RCC is generally considered to be a vascular tumor both at the primary site and at the sites of metastasis, and its vascularity has been strongly implicated in the tumor’s pathogenesis and invasive potential. Based on our initial investigations using microarray analysis and review of the current literature, we found that the IMP family of proteins may be implicated in RCC tumor virulence, and possibly vascular growth and development within the tumor. Further analysis by real-time RT-PCR (Supplementary Fig. 1) confirmed that IMP3 is highly expressed in RCC, and prompted further study of this protein and its role in the vascularity and metastatic potential of RCC.

Several studies have been performed by other groups that indicate the possibility of discriminating renal cell carcinoma subtypes using texture analysis or single phase corticomedullary contrast-enhanced CT [18], [19], [20], [21]. These studies also found that CT contrast enhancement was a valid method of representing tumor vascularity in either hetero- or homogeneously contrast-enhanced lesions. In order to directly assess the relationship between IMP3 expression in primary RCC and tumor vascularity, we first had to develop a quantitative outcome measure of tumor vascularity in vivo (Figs. 2 and 4A). Although several approaches to quantify tumor vascularity have been described, a consensus on the best method has not emerged [27]. As we were restricted to protocols that utilize clinical CT scans, we chose a method similar to that which we have described for other clinical conditions [28], [29], but acknowledge that this approach still requires formal prospective studies for validation. Nevertheless, we find our contrast CT approach to be safe, feasible and readily translatable if future studies can validate its sensitivity and specificity.

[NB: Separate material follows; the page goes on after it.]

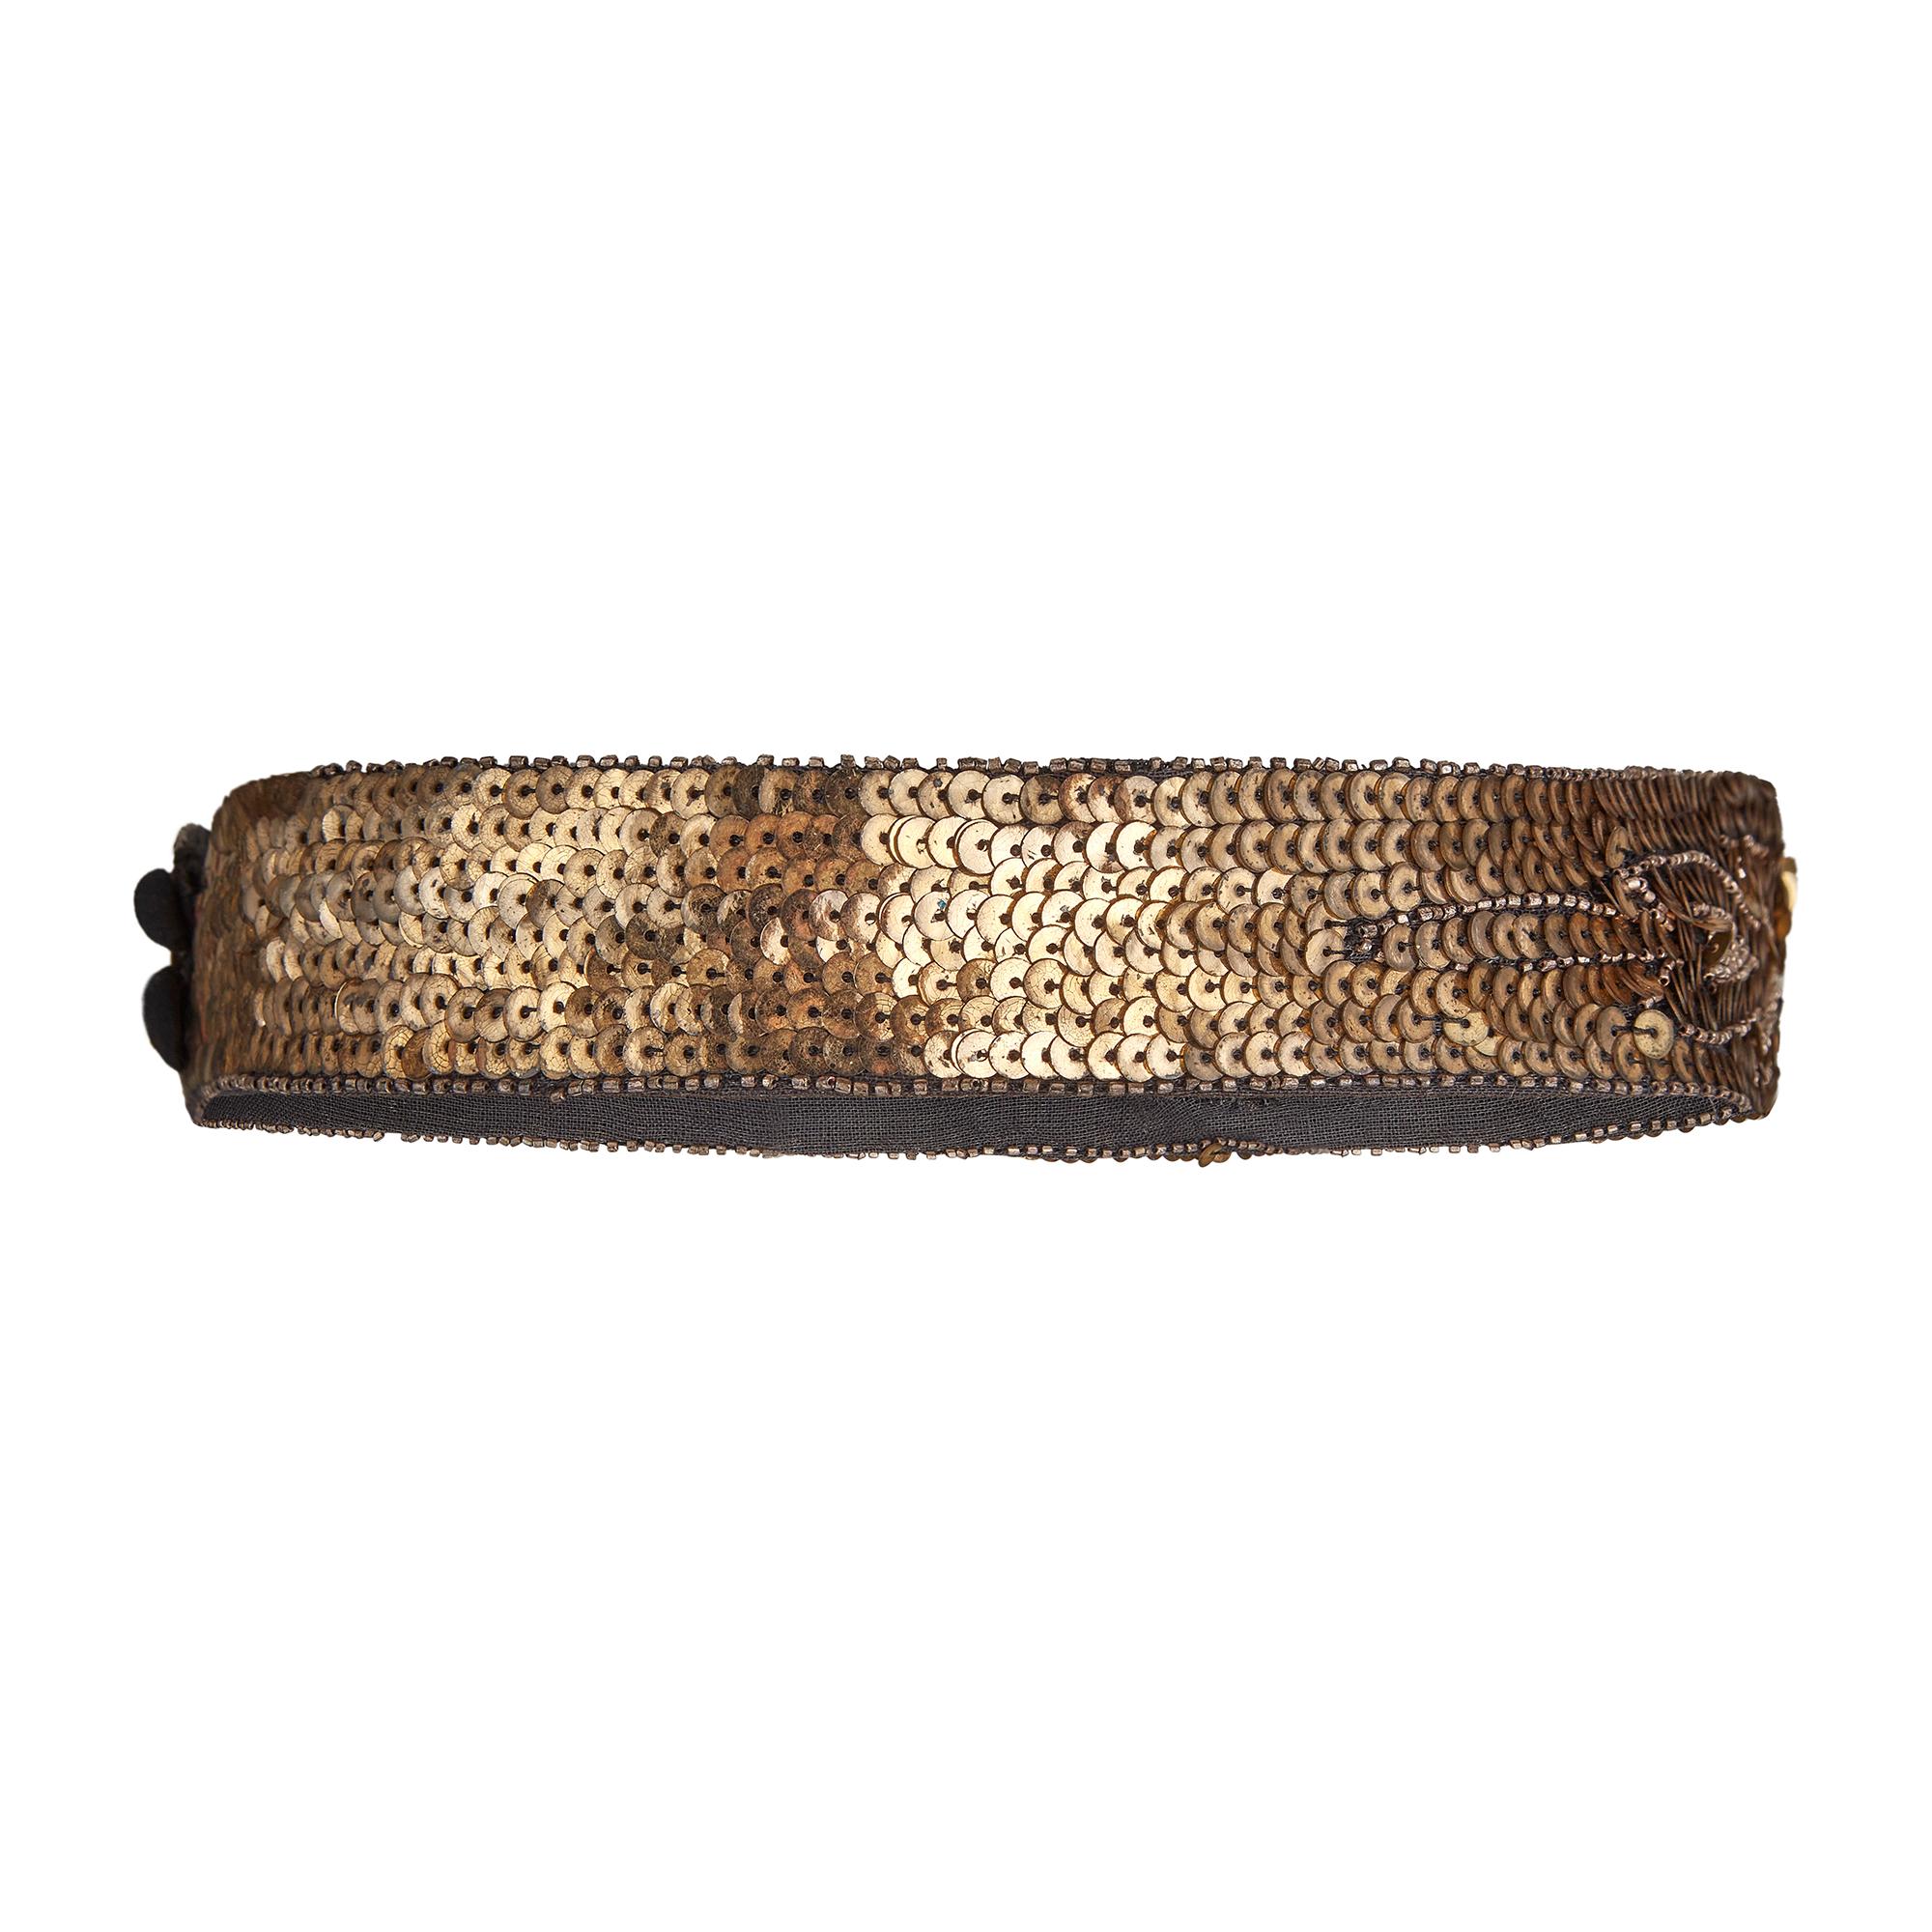 Burnished gold sequins sit upon darkest grey linen cloth on this late 1920s to early 1930s made belt. The wider front of the belt displays sequins arranged in an Art Deco motive with abstract patterns swirling out towards the edges.  Interspersed

One surprising result from our CT study was the lack of correlation between primary RCC tumor size and its vascularity. While the Low contrast enhancing tumors were 2-fold smaller than the Intermediate enhancing tumors as expected, the High contrast enhancing tumors were also significantly smaller than the Intermediate tumors (Fig. 4). Holding to the theory that RCC tumor vascularity is associated with virulence, our interpretation of this finding is that High contrast enhancing primary RCC tumors greater than 200 cm3 are incompatible with human life, and thus none were observed in our study. However, consistent with the central hypothesis of this study, we found a strong association between primary RCC vascularity as measured by CT and IMP3 expression (Fig. 4D). Furthermore, IHC assessment of tissue from 11 patients with confirmed metastatic RCC to bone revealed that all of the metastatic tumors had strong IMP3 staining (Fig. 3). In contrast, we did not see strong IHC staining in poorly vascular metastatic bone-prostate cancer biopsies. Although our conclusions are limited by the small sample size, these findings suggest that IMP3 may play a critical role in tumor vascular development and potential to spread.

In summary, IMP3 is a protein that warrants further study to assess its role in the pathogenesis of metastatic RCC. Based on our findings, it may play a role in the vascular development of the tumor. We confirmed that contrast CT is a useful modality for detecting tumors that will have high IMP3 staining and can therefore be used as a relatively inexpensive and rapid method for assessing both vascularity and probability of high IMP3 expression. Moving forward, it will be useful to determine if CT and IMP3 can accurately predict risk of metastatic disease to other organs and to the bone in patients with primary RCC.